Exercise data
====================
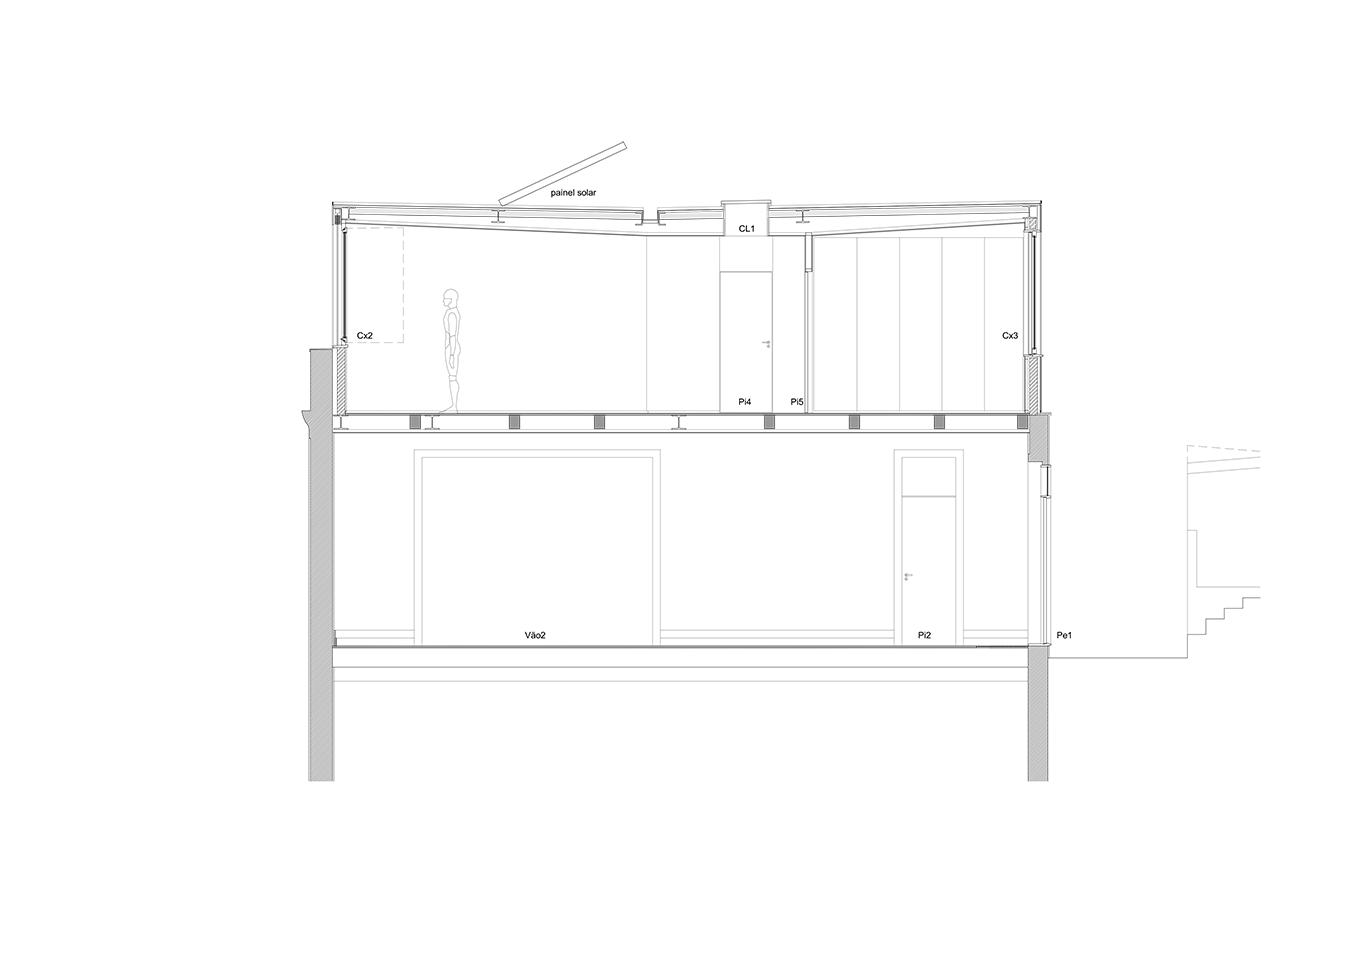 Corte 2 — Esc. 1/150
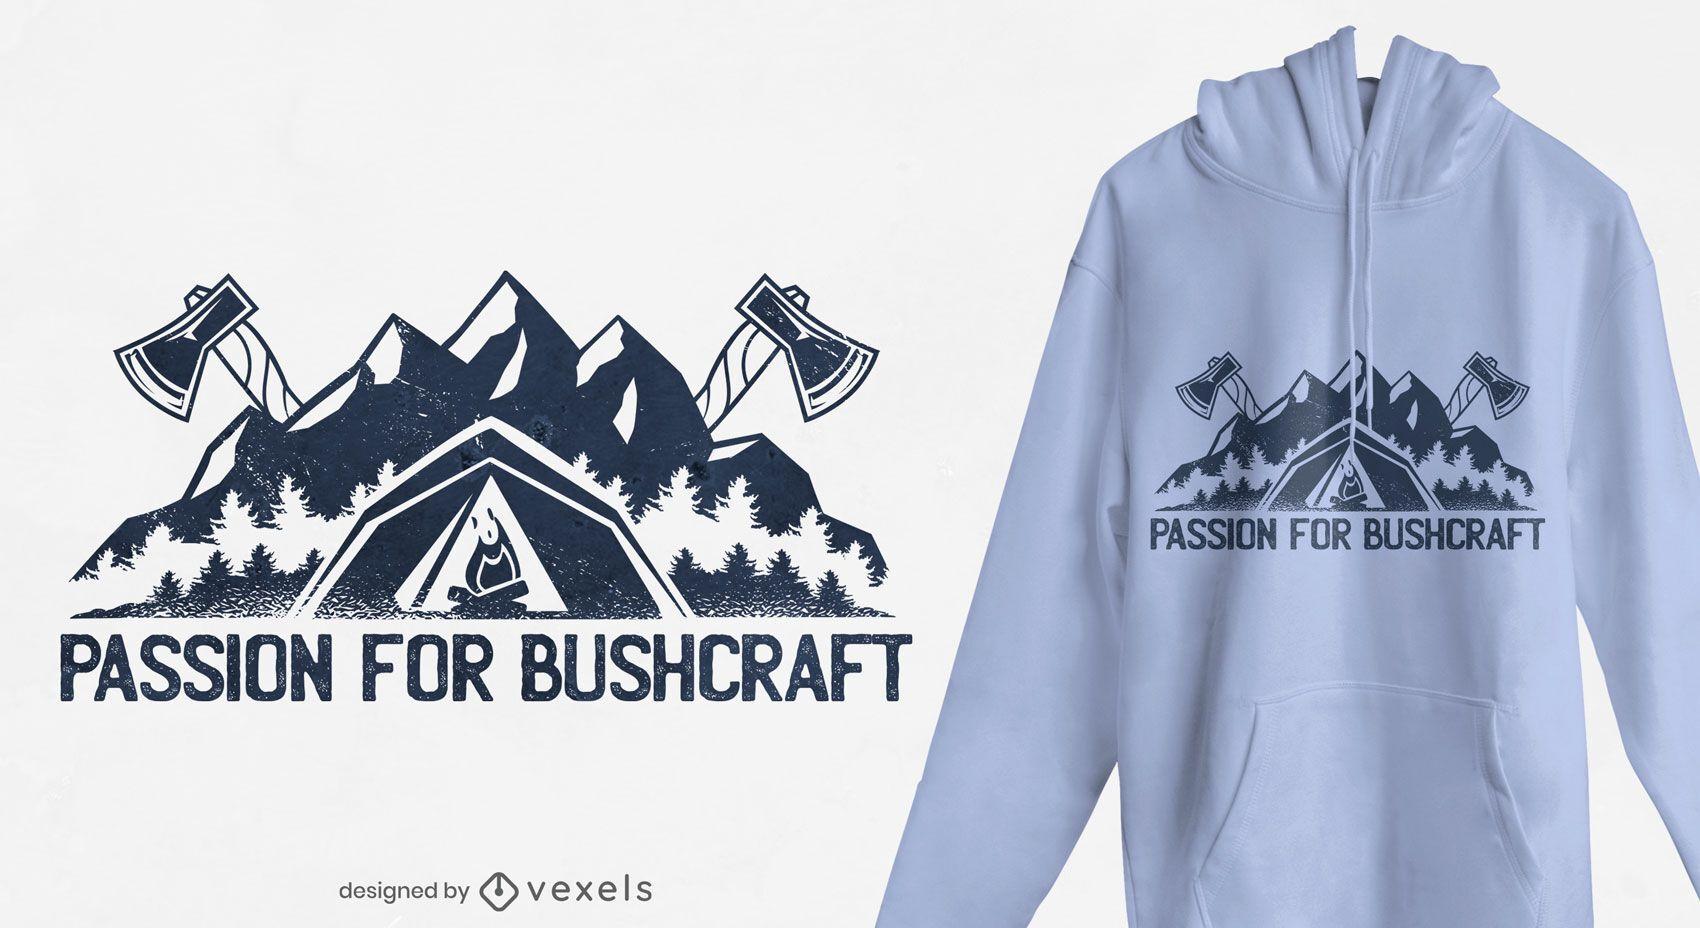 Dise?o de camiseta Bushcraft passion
====================
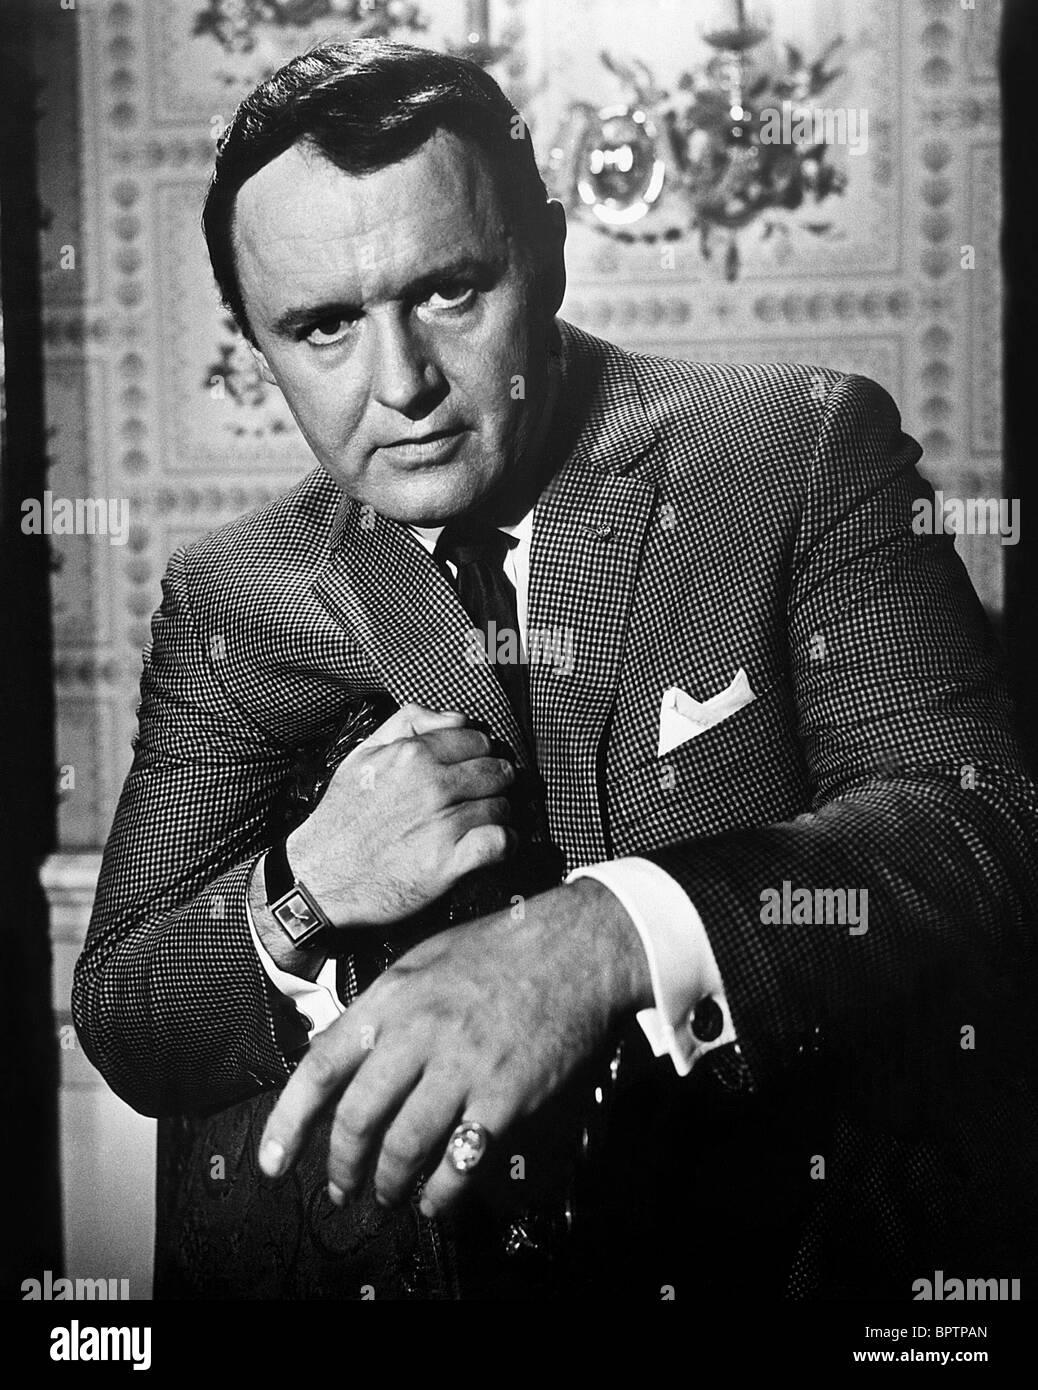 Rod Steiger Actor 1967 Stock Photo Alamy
====================
Exercise directions
Restate word for word every line from the one with "Corte 2 — Esc. 1/150" up to and including the one with "Dise?o de camiseta Bushcraft passion" in the records above, minus the pictures.

Exercise output
 Corte 2 — Esc. 1/150
 Dise?o de camiseta Bushcraft passion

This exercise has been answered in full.